Write out, word for word, every line from the one containing "MSI GeForce RTX" through the final line of the records.

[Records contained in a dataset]
Segment Open

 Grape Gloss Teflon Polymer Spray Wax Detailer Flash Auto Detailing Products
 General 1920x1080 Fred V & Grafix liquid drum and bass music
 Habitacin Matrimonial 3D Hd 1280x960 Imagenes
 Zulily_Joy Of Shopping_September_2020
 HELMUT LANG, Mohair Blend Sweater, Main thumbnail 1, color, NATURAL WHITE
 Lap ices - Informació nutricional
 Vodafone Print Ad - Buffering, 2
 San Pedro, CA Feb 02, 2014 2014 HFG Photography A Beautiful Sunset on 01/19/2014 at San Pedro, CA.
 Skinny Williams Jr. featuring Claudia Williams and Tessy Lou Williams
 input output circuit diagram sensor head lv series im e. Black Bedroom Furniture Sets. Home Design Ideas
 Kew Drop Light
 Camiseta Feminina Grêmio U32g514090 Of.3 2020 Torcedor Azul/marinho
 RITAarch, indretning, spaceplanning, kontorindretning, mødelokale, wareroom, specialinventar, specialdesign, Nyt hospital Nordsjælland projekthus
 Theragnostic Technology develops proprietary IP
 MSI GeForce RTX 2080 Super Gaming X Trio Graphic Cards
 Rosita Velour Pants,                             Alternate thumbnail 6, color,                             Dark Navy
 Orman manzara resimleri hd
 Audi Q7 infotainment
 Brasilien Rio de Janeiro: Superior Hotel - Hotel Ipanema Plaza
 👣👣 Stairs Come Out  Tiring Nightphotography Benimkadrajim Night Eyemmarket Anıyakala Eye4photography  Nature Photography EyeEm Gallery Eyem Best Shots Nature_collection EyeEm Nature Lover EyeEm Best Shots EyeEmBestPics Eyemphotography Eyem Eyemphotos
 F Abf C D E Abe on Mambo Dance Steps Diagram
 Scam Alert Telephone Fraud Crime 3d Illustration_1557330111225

Segment Closed

§ **TASK RESULT**
 MSI GeForce RTX 2080 Super Gaming X Trio Graphic Cards
 Rosita Velour Pants,                             Alternate thumbnail 6, color,                             Dark Navy
 Orman manzara resimleri hd
 Audi Q7 infotainment
 Brasilien Rio de Janeiro: Superior Hotel - Hotel Ipanema Plaza
 👣👣 Stairs Come Out  Tiring Nightphotography Benimkadrajim Night Eyemmarket Anıyakala Eye4photography  Nature Photography EyeEm Gallery Eyem Best Shots Nature_collection EyeEm Nature Lover EyeEm Best Shots EyeEmBestPics Eyemphotography Eyem Eyemphotos
 F Abf C D E Abe on Mambo Dance Steps Diagram
 Scam Alert Telephone Fraud Crime 3d Illustration_1557330111225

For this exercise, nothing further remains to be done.